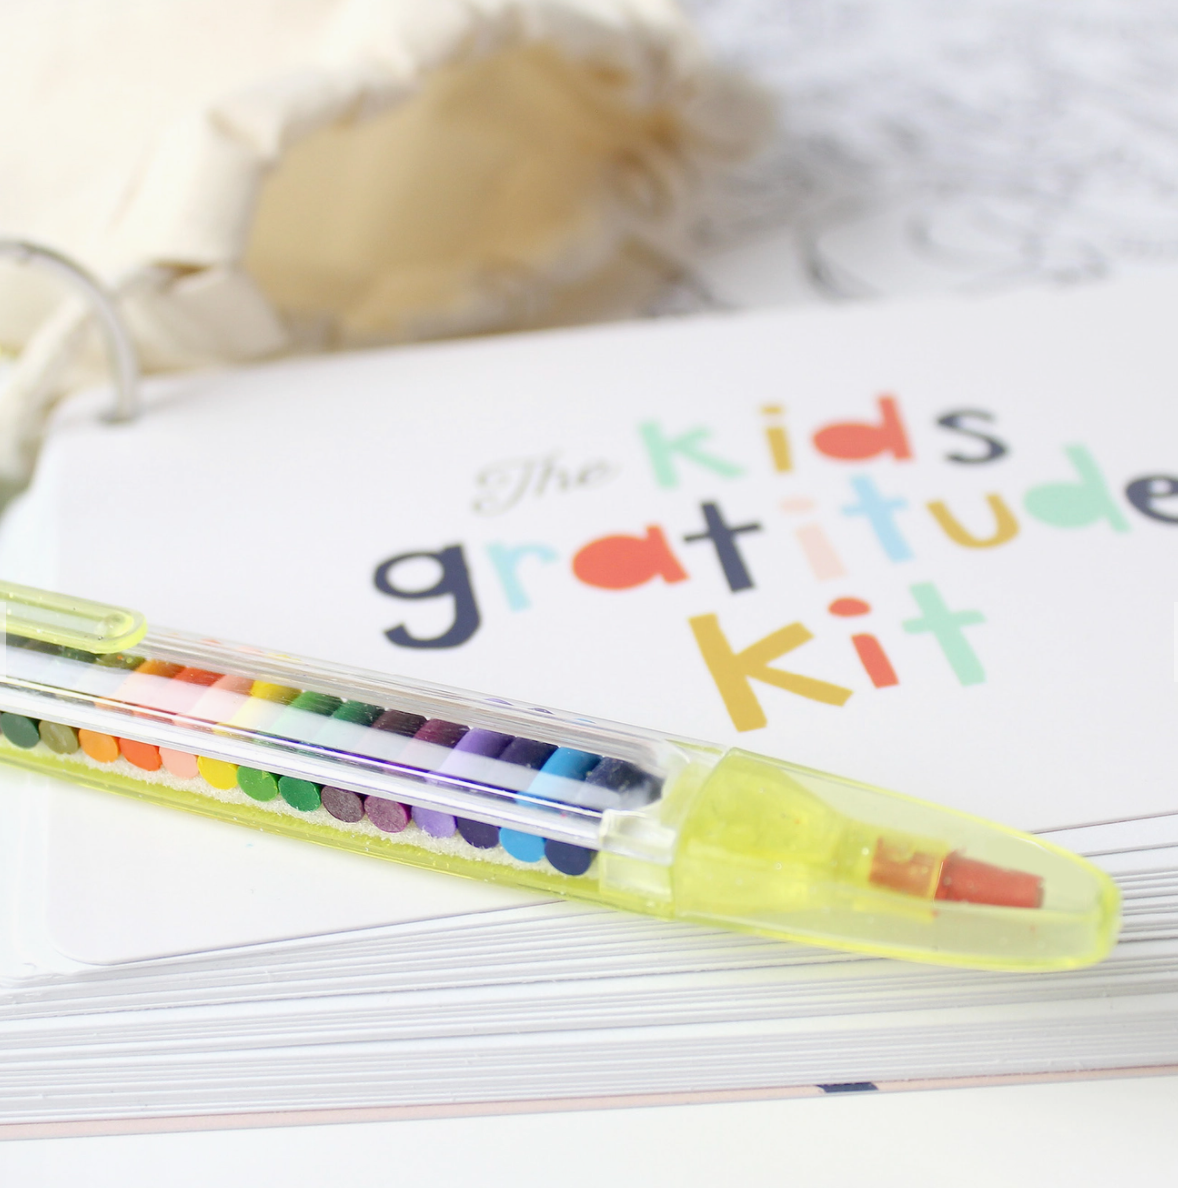 The Kids Gratitude Kit
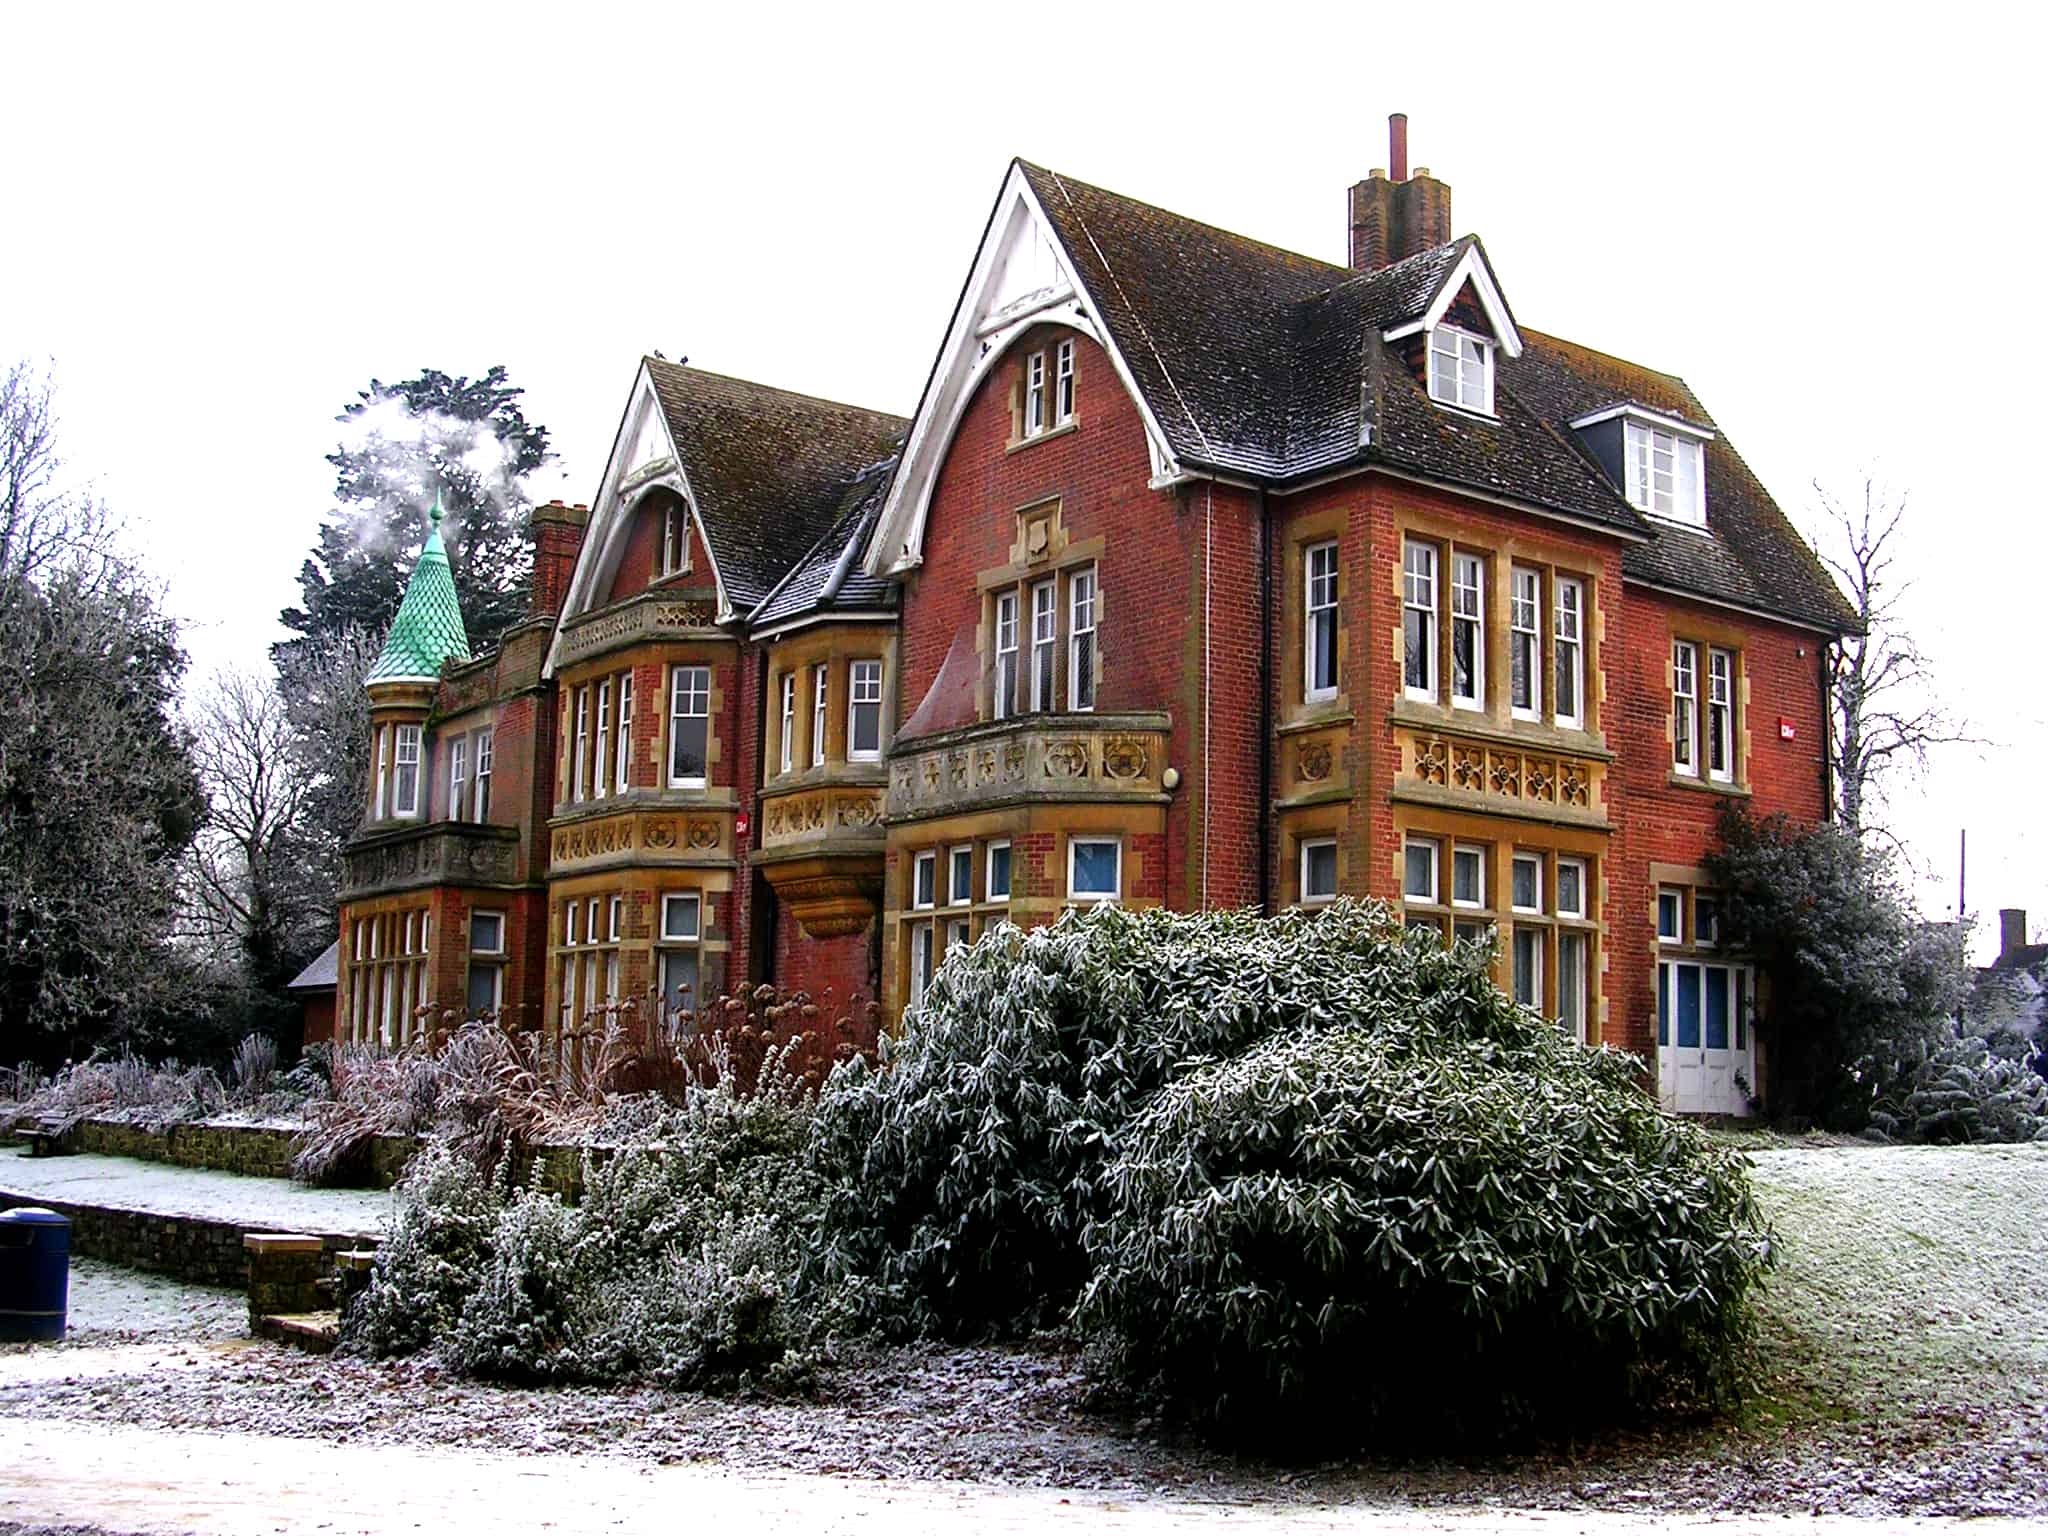 Goff's_Park_House,_Crawley,_Winter_Scene
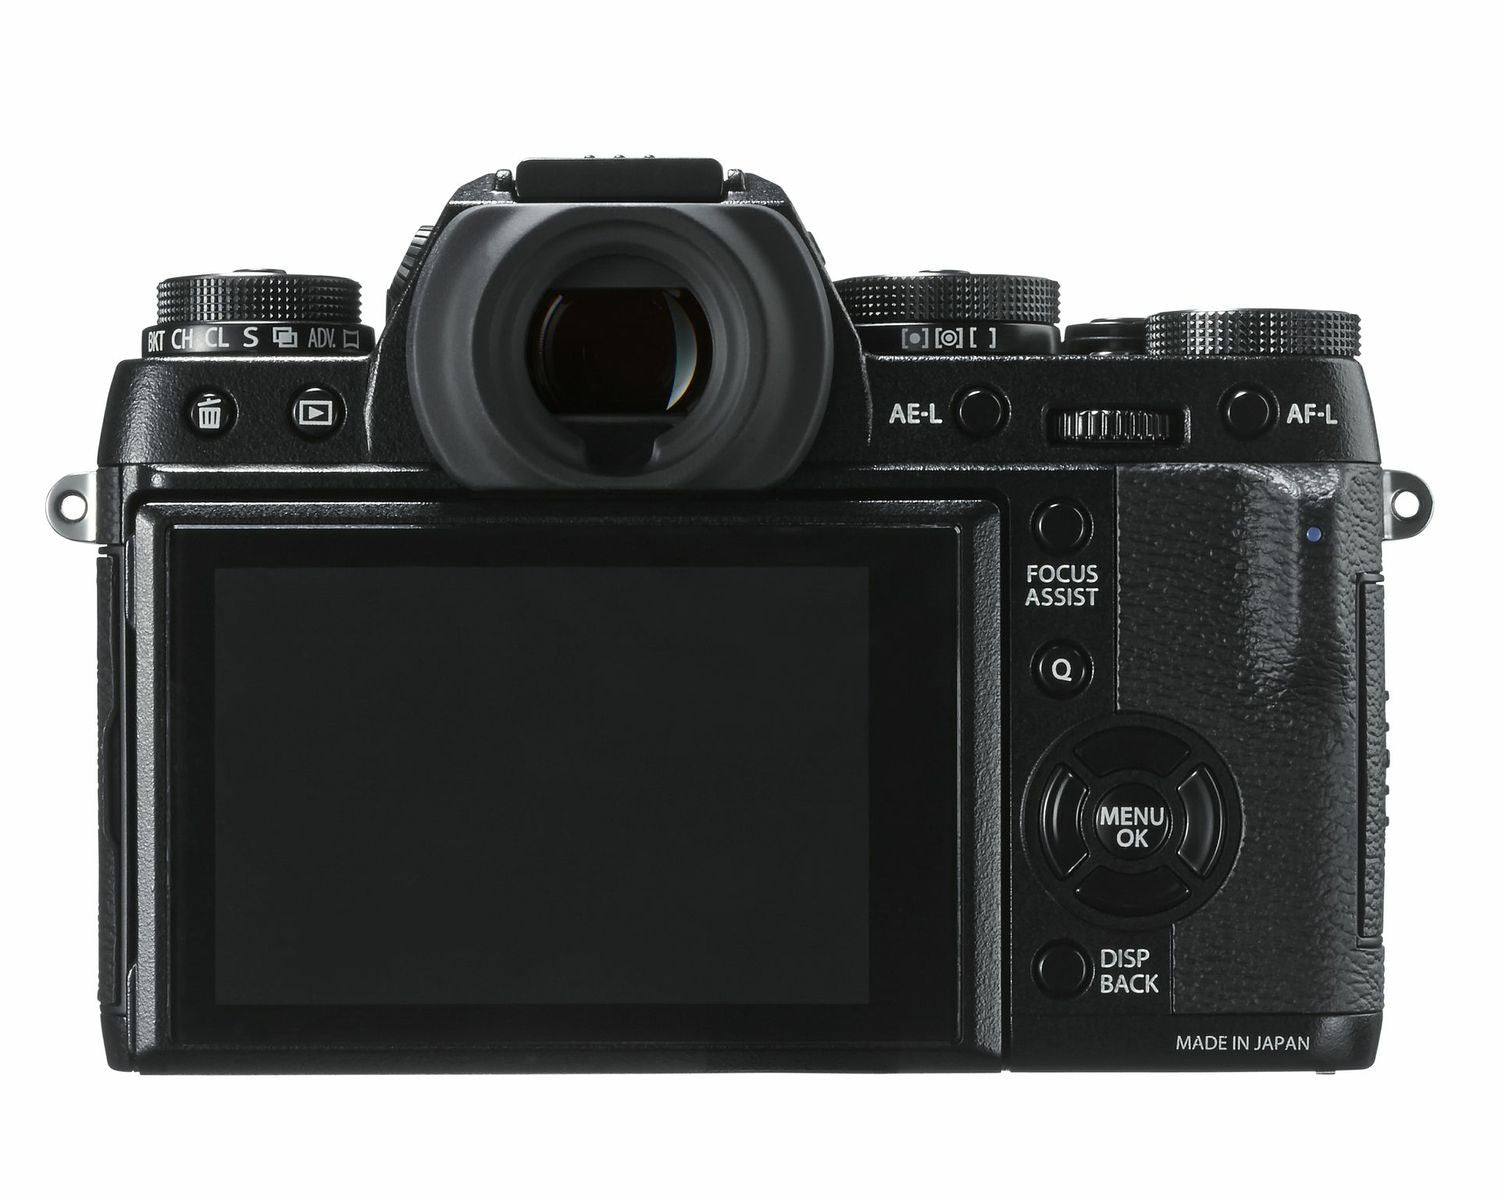 Fujifilm X-T1 Digital Camera Body (Black), camera mirrorless cameras, Fujifilm - Pictureline  - 2
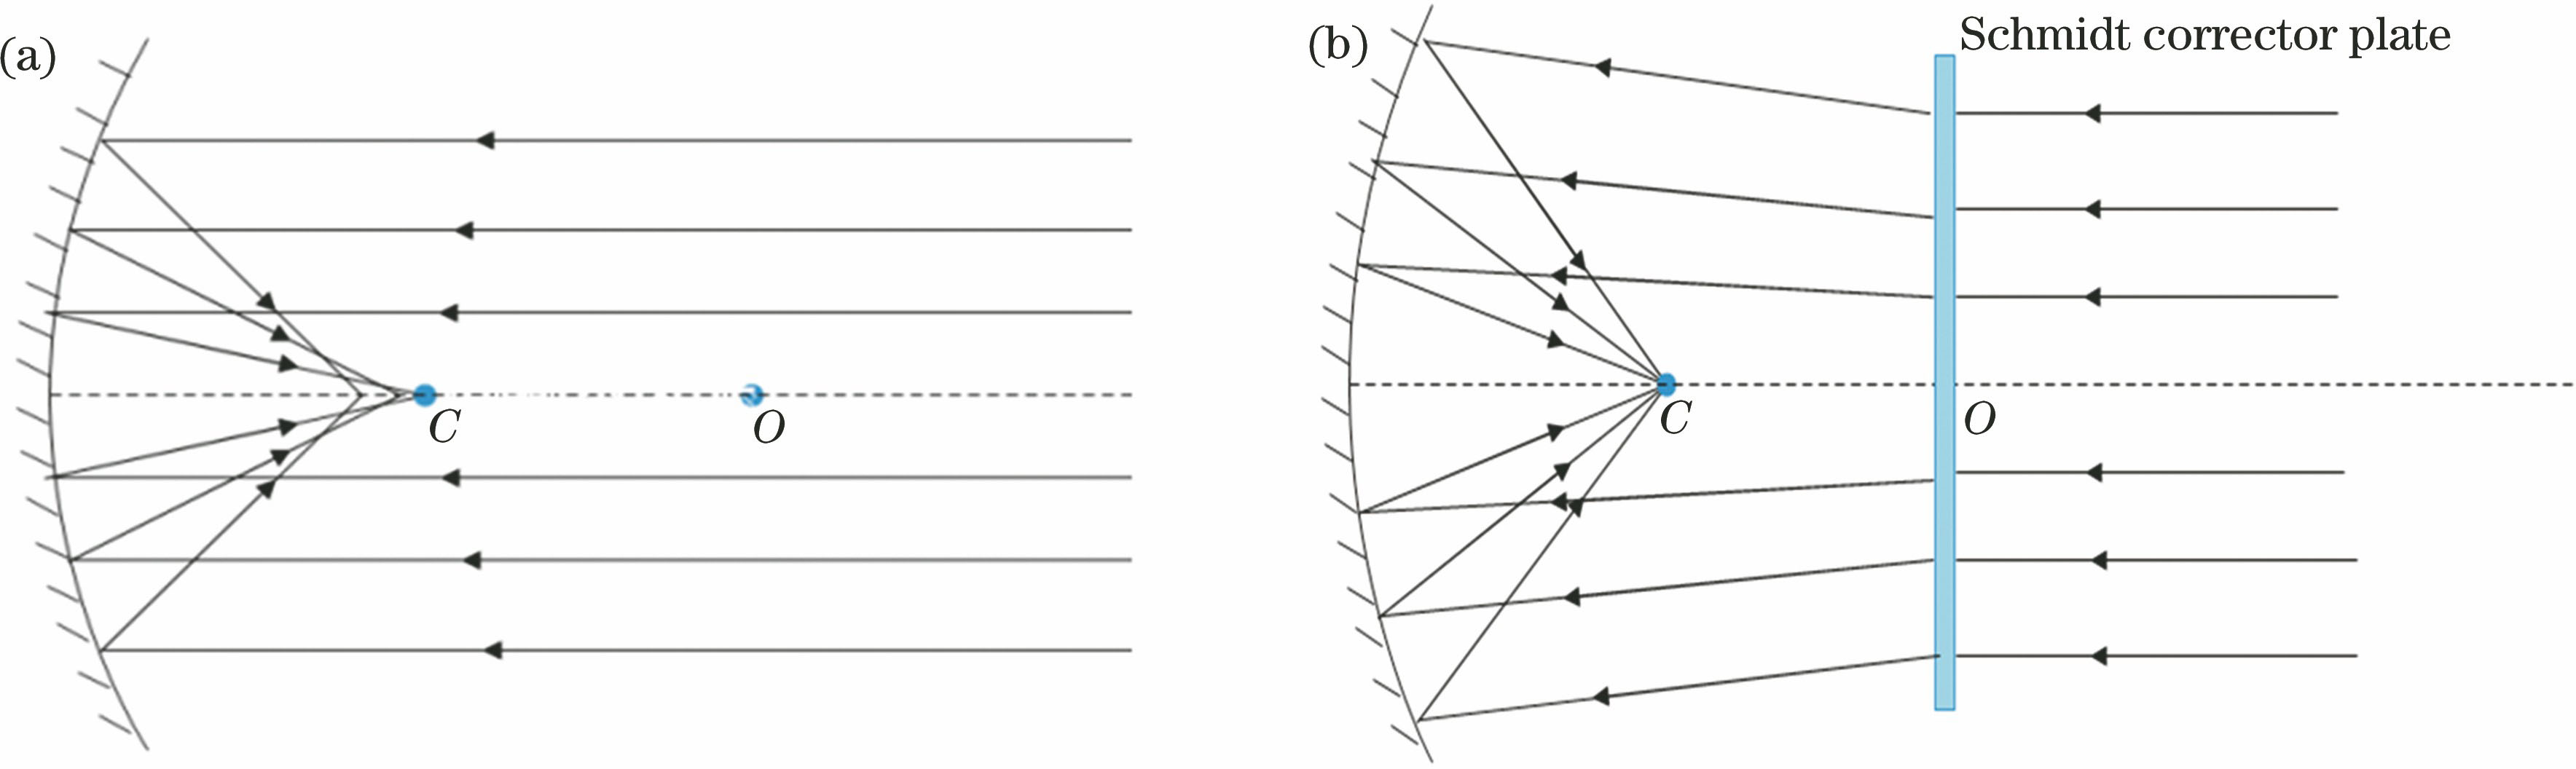 Schematics of aberration. (a) Spherical reflector; (b) compensation using Schmidt corrector plate

******

● Problem description
The data must be printed exactly, image-free.

● Task response
 The Kids Gratitude Kit
 Goff's_Park_House,_Crawley,_Winter_Scene
 Fujifilm X-T1 Digital Camera Body (Black), camera mirrorless cameras, Fujifilm - Pictureline  - 2
 Schematics of aberration. (a) Spherical reflector; (b) compensation using Schmidt corrector plate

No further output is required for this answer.